**Dataset excerpt**
= = = =

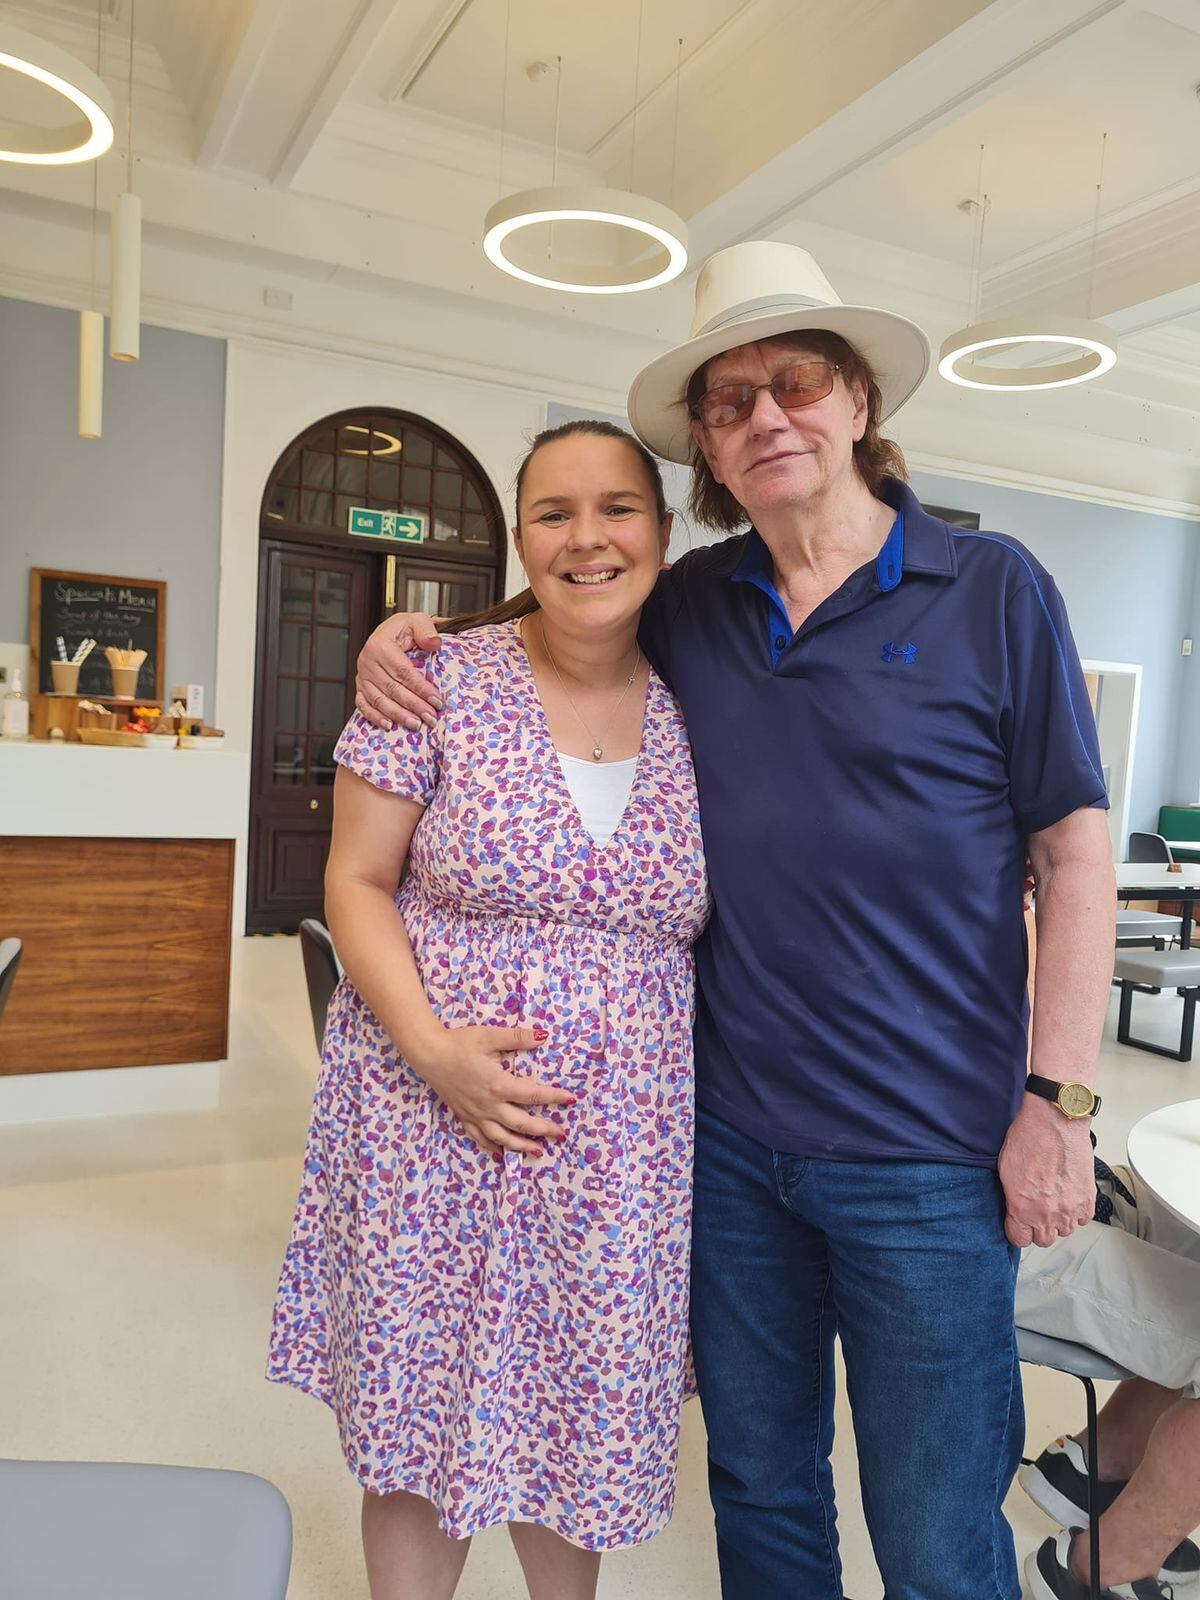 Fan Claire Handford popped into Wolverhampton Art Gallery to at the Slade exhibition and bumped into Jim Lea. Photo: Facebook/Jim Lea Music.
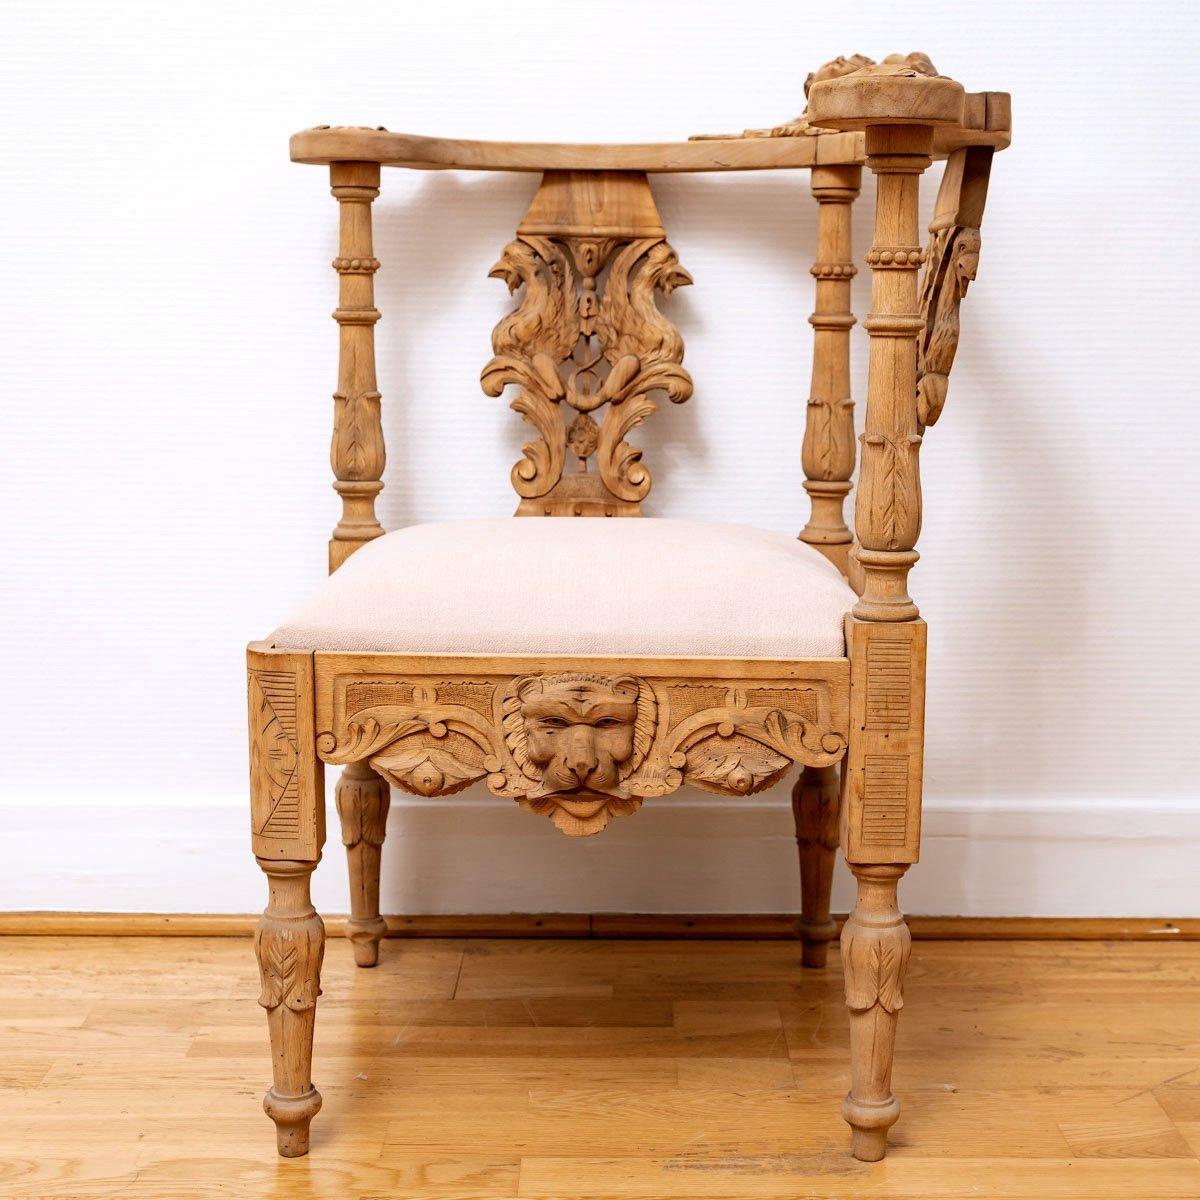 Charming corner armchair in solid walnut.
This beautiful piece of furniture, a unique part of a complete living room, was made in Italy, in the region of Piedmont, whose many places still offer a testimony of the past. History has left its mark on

= = = =

**Task to carry out**
Retype the data above exactly; pictures are not part of the copy.

**Exercise result**
 Fan Claire Handford popped into Wolverhampton Art Gallery to at the Slade exhibition and bumped into Jim Lea. Photo: Facebook/Jim Lea Music.
 Charming corner armchair in solid walnut.
This beautiful piece of furniture, a unique part of a complete living room, was made in Italy, in the region of Piedmont, whose many places still offer a testimony of the past. History has left its mark on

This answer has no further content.